Repeat the listing word for word. No pictures belong in the copy.

GIVEN DATA —
┏━━

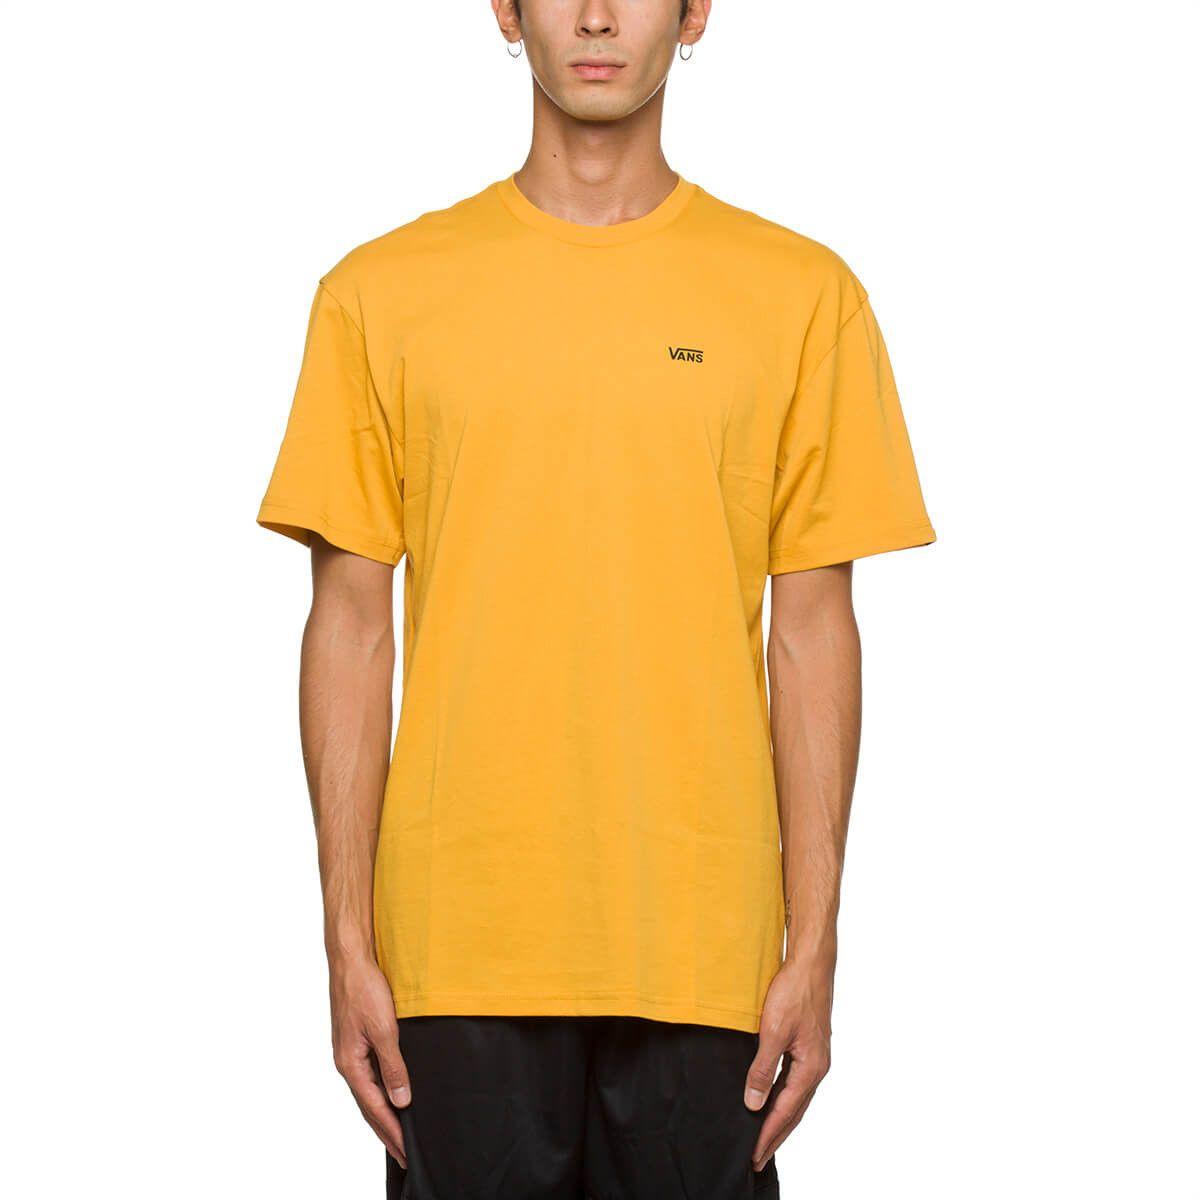 Yellow Vans Logo - Logo t-shirt from the F/W2017-18 Vans collection in ochre
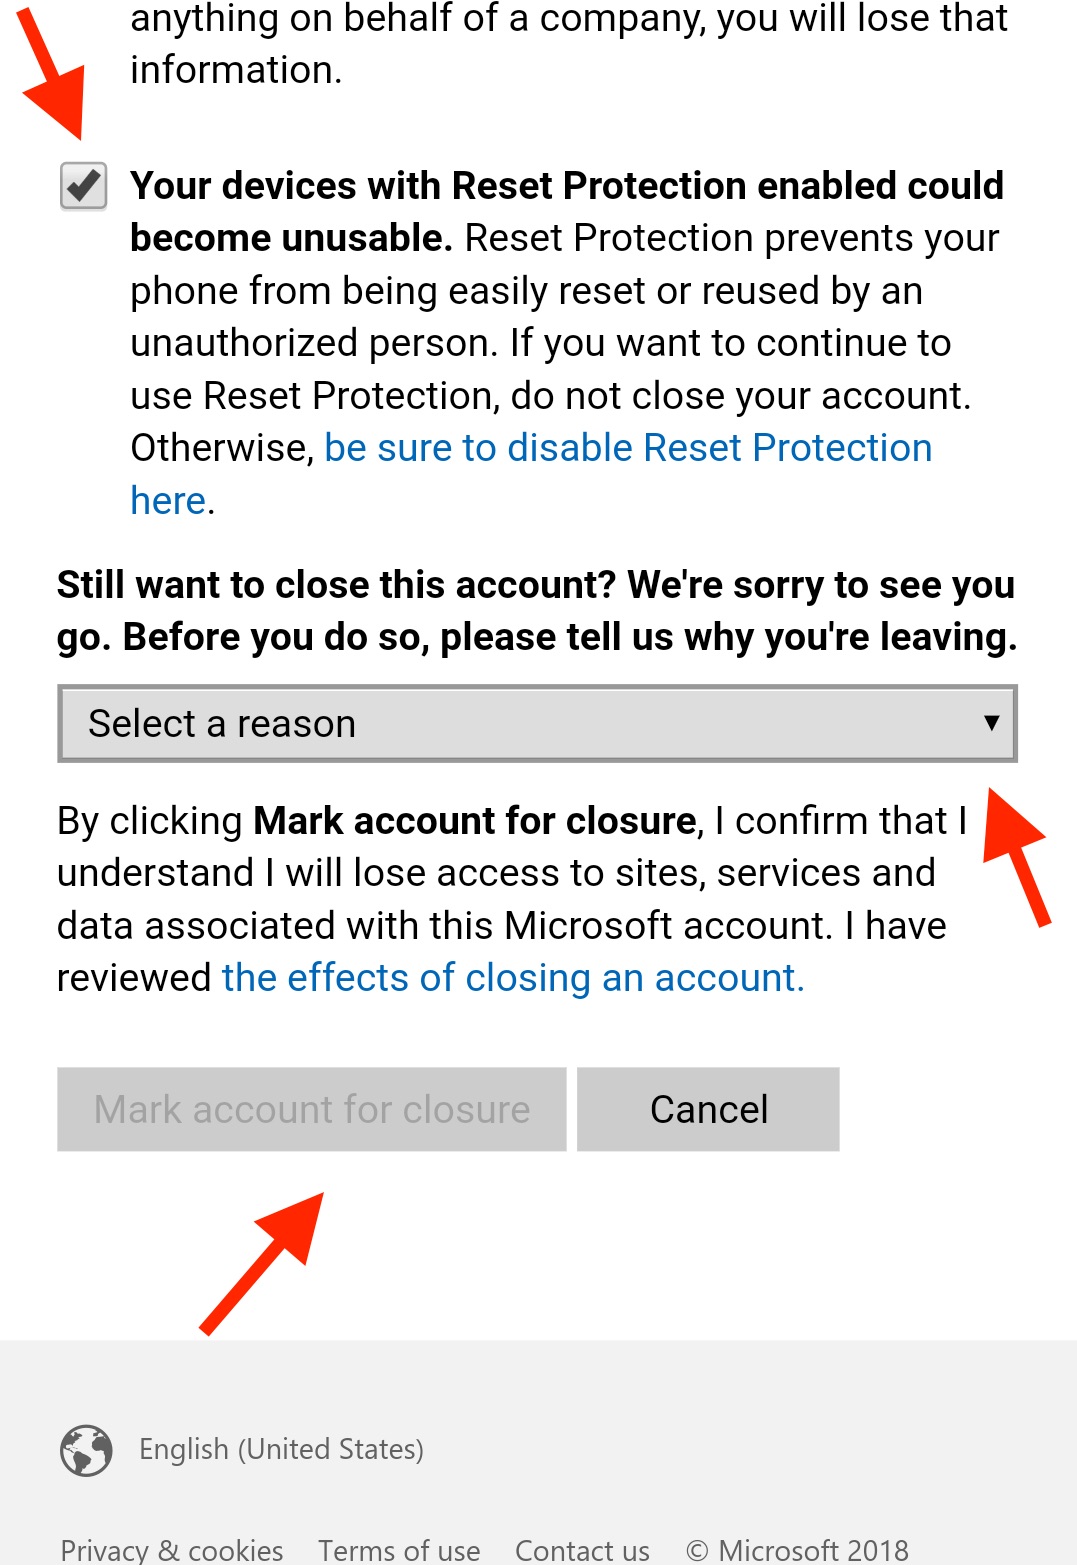 how to delete skype account from drop down list
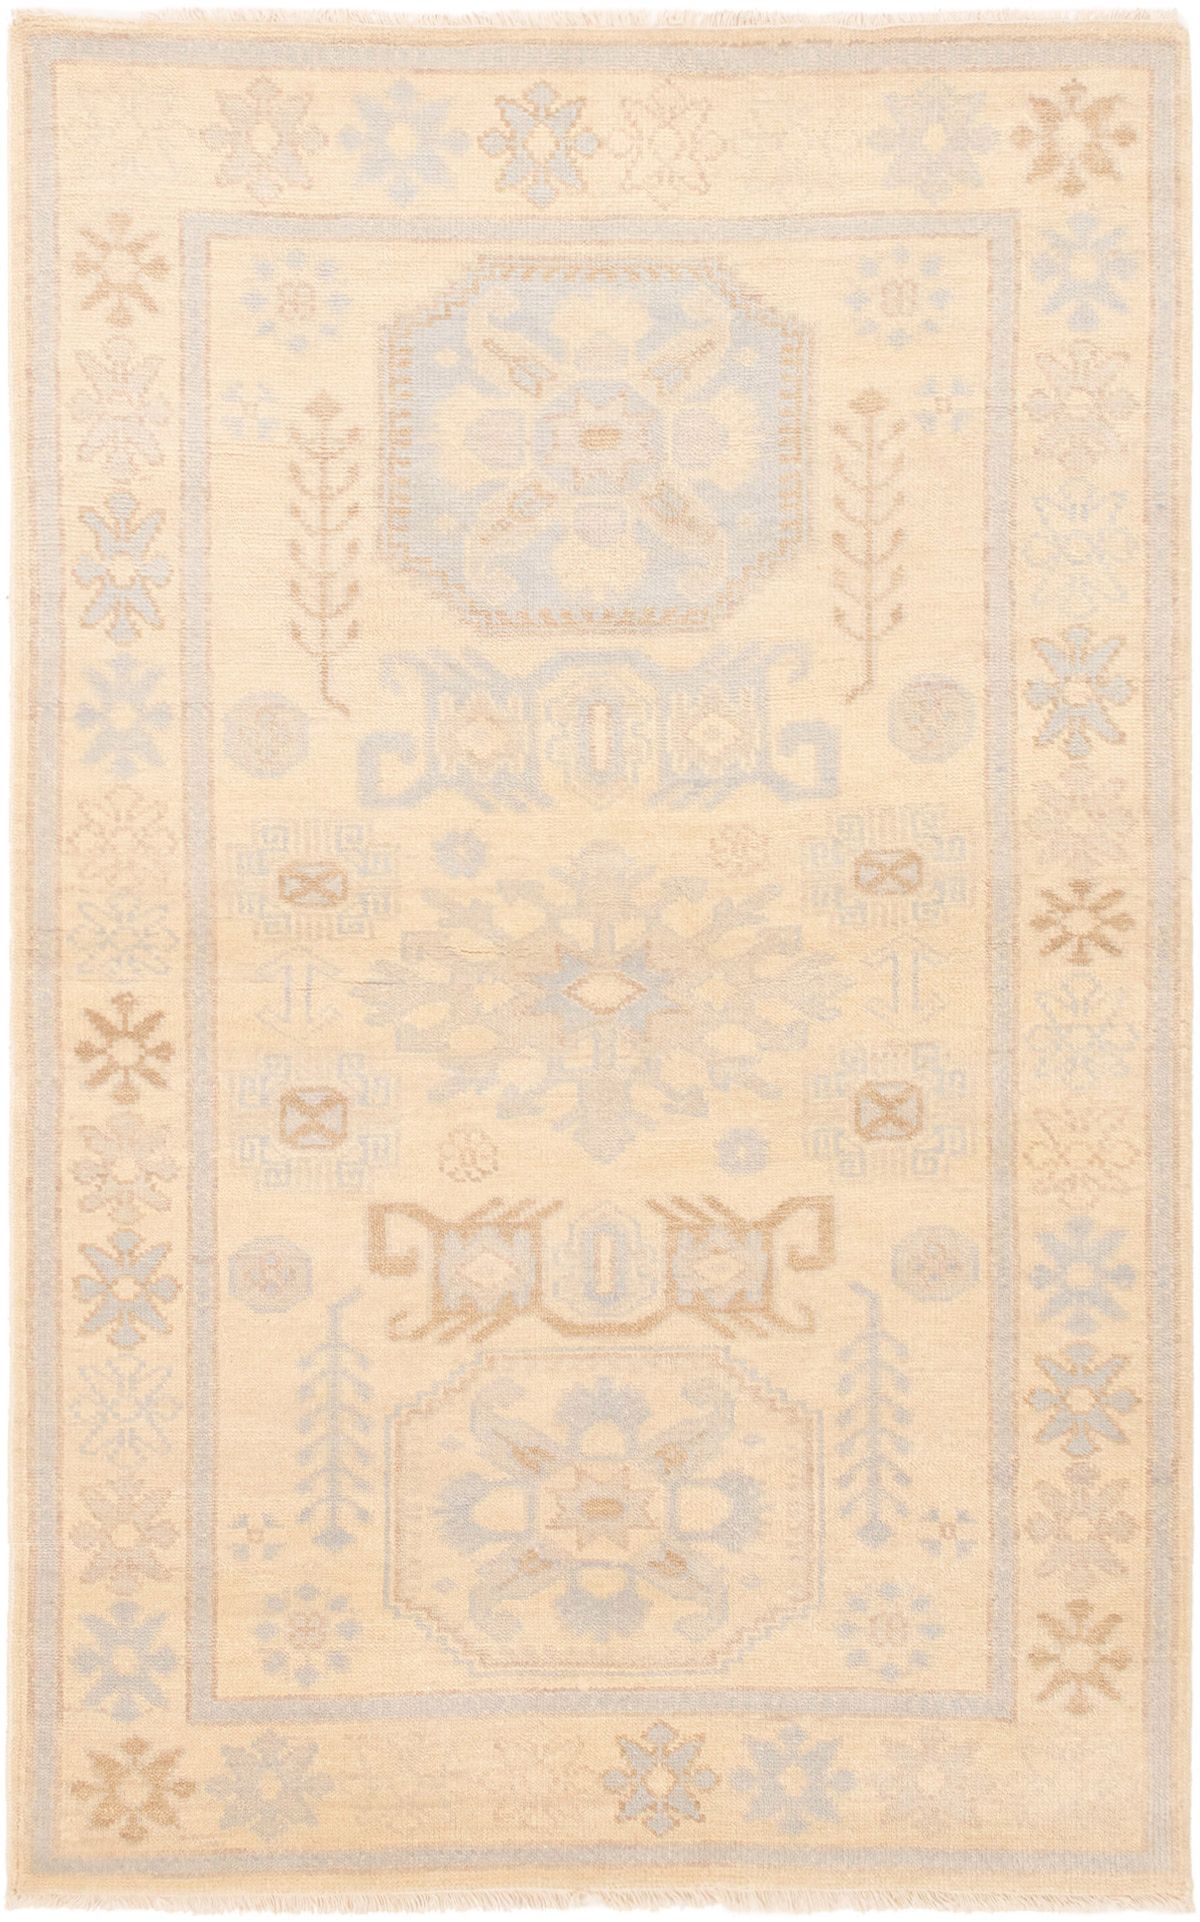 Hand-knotted Finest Ushak Cream Wool Rug 5'1" x 7'11"  Size: 5'1" x 7'11"

┗━━

ANSWER SECTION —
 Yellow Vans Logo - Logo t-shirt from the F/W2017-18 Vans collection in ochre
 how to delete skype account from drop down list
 Hand-knotted Finest Ushak Cream Wool Rug 5'1" x 7'11"  Size: 5'1" x 7'11"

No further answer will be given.